RAW DATA

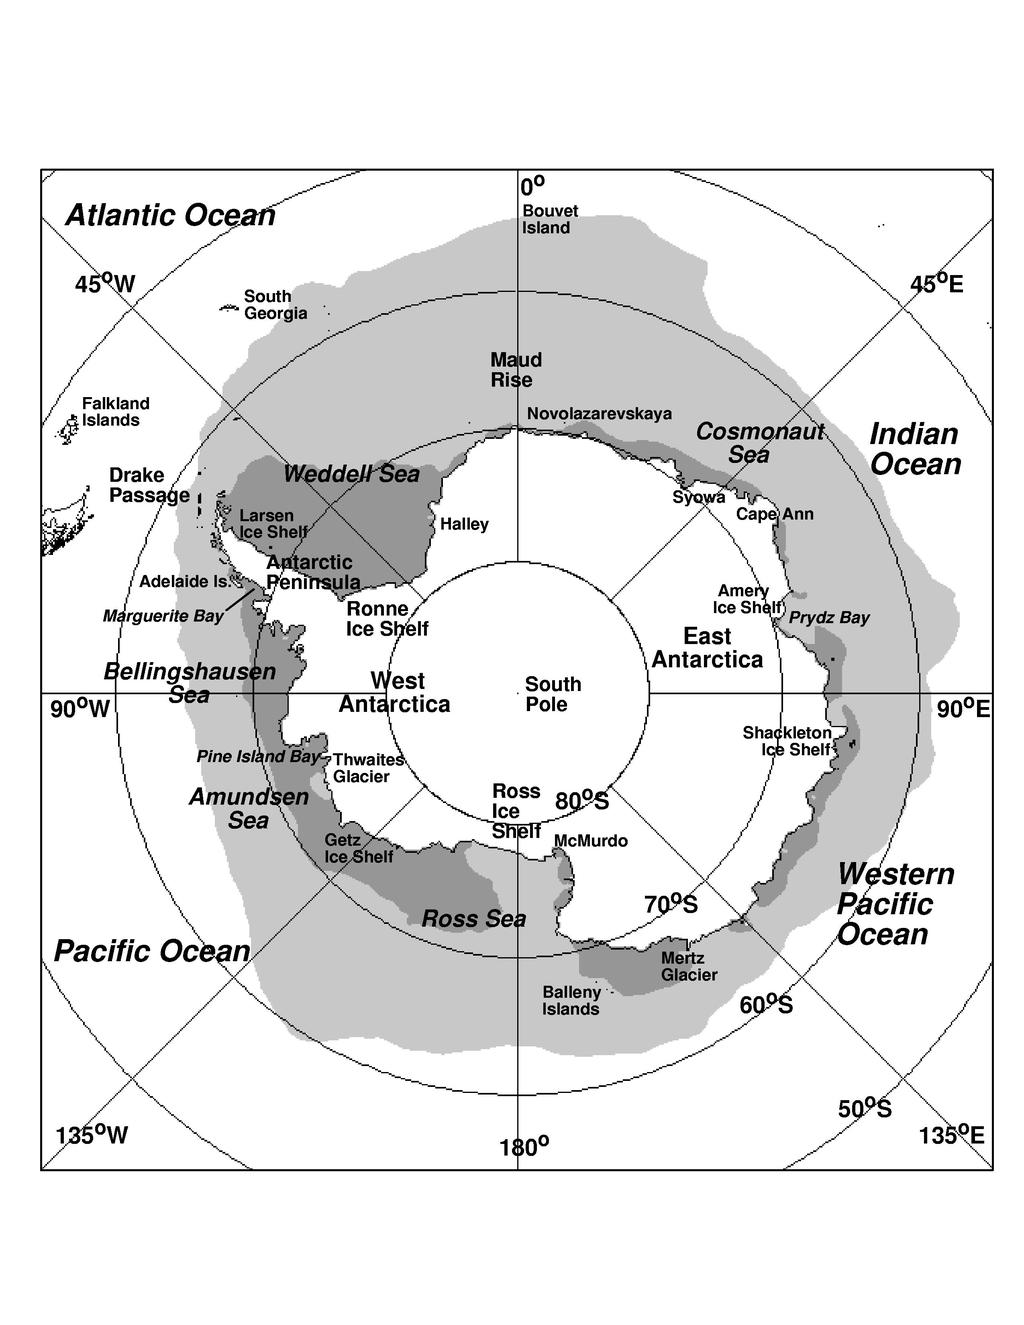 The atmospheric circulation patterns are also different and influenced mainly by the Northern Annular Mode (NAM) in the Arctic and the Southern Annular Mode (SAM) in the Antarctic.
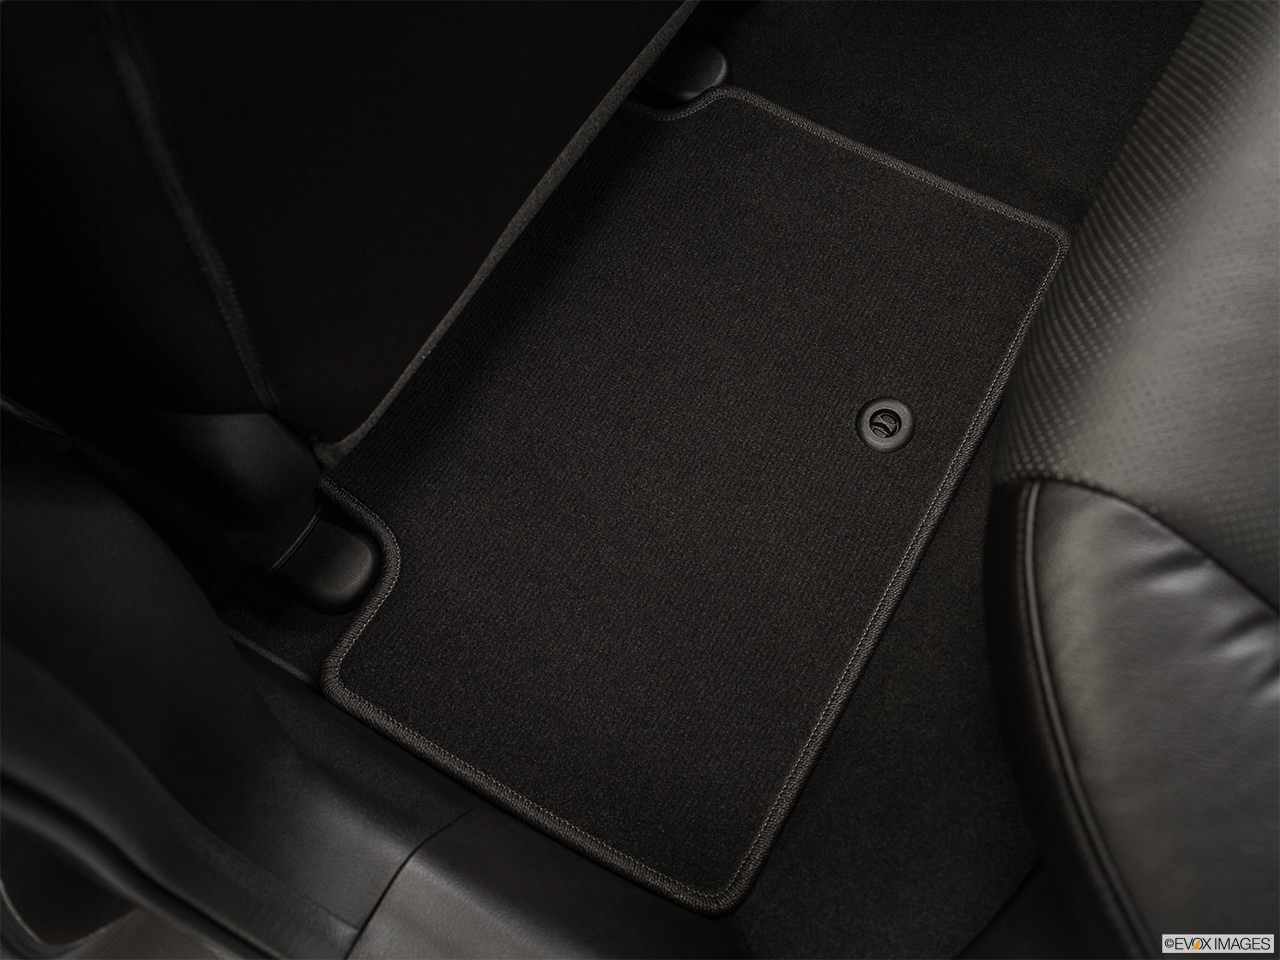 2015 Acura ILX 5-Speed Automatic Rear driver's side floor mat. Mid-seat level from outside looking in. 
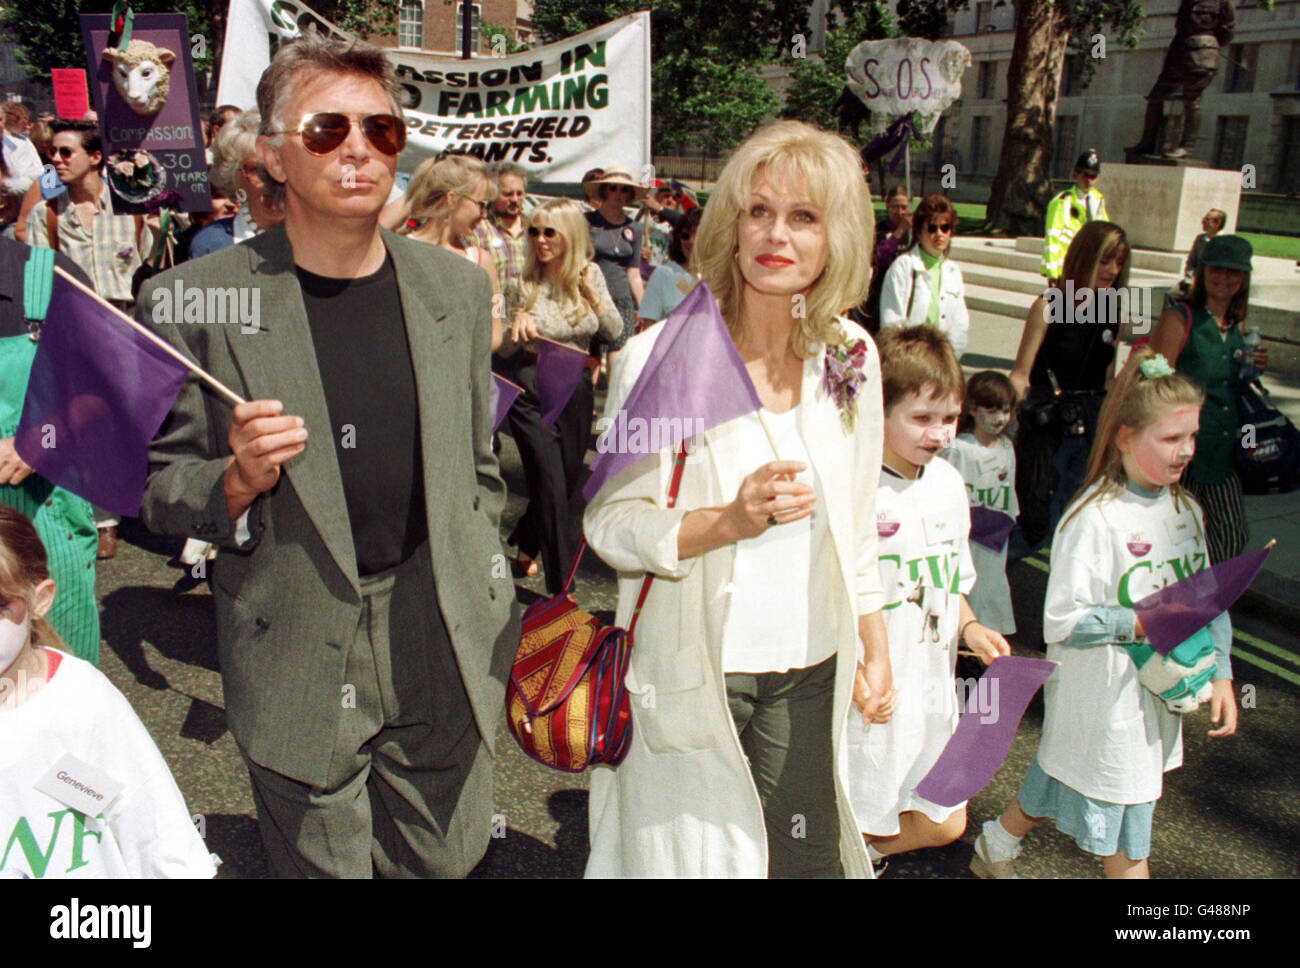 Actor Martin Shaw and actress Joanna Lumley during a demonstration to highlight the suffering of some animals in the world of international agriculture. The demonstration marked the 30th anniversary of 'Compassion in World Farming'. 22/08/97: Martin Shaw, is considering taking legal action against a bus driver he claims assaulted him in a road rage style attack. Mr Shaw, who played Doyle in The Professionals has a three-inch gash under his chin and is seeing an osteopath today for treatment for bruised ribs. Stock Photo
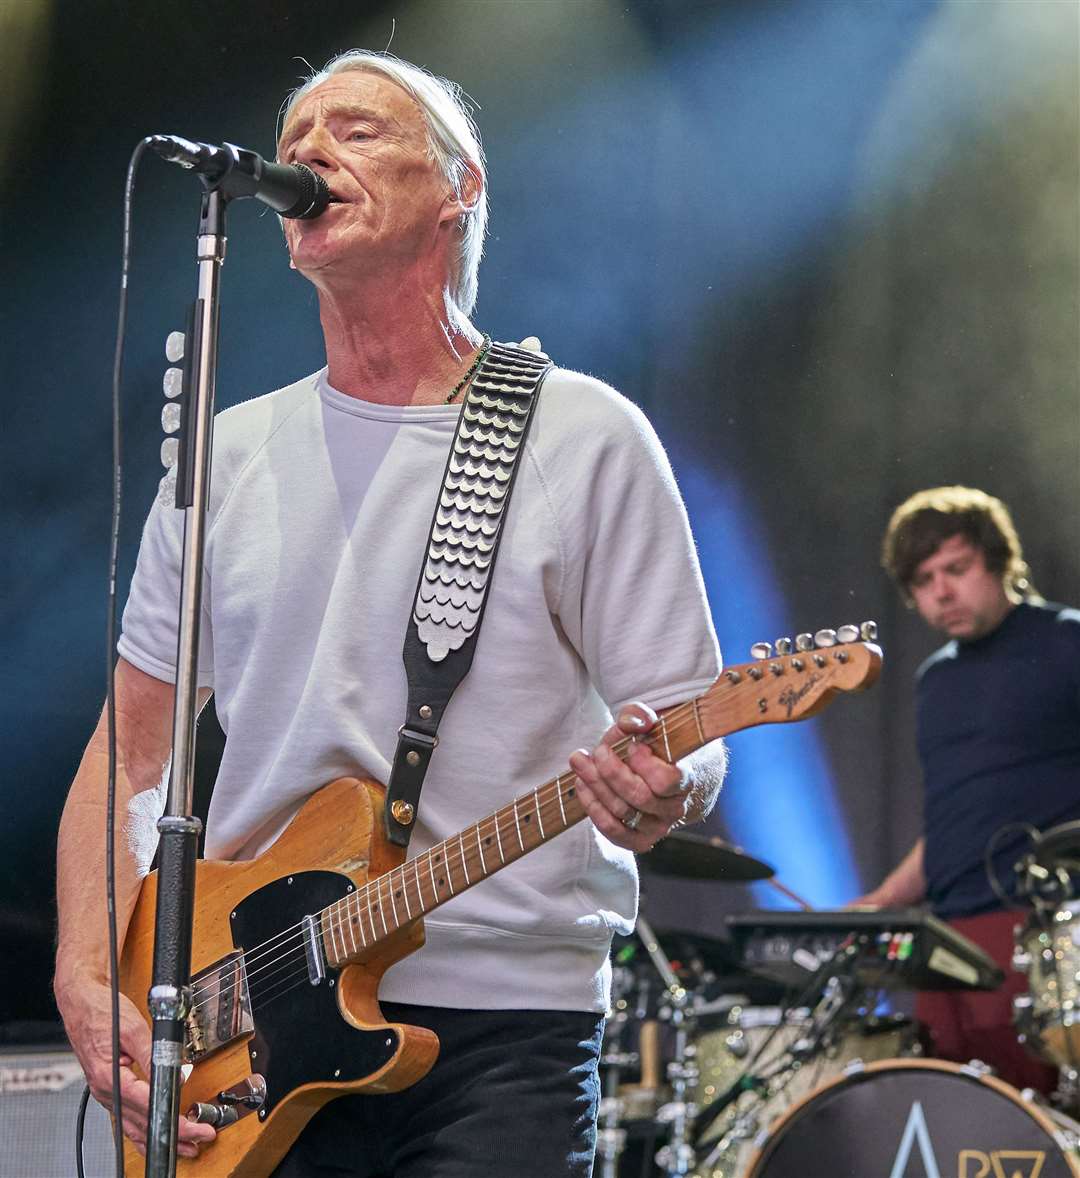 Paul Weller performing at Forestry England’s ‘Forest Live’ concert series at High Lodge, Thetford Forest. Pictures: Lee Blanchflower

EXERCISE
Reproduce the listing verbatim, and keep the pictures out of the copy.

RESPONSE BELOW
 The atmospheric circulation patterns are also different and influenced mainly by the Northern Annular Mode (NAM) in the Arctic and the Southern Annular Mode (SAM) in the Antarctic.
 2015 Acura ILX 5-Speed Automatic Rear driver's side floor mat. Mid-seat level from outside looking in. 
 Actor Martin Shaw and actress Joanna Lumley during a demonstration to highlight the suffering of some animals in the world of international agriculture. The demonstration marked the 30th anniversary of 'Compassion in World Farming'. 22/08/97: Martin Shaw, is considering taking legal action against a bus driver he claims assaulted him in a road rage style attack. Mr Shaw, who played Doyle in The Professionals has a three-inch gash under his chin and is seeing an osteopath today for treatment for bruised ribs. Stock Photo
 Paul Weller performing at Forestry England’s ‘Forest Live’ concert series at High Lodge, Thetford Forest. Pictures: Lee Blanchflower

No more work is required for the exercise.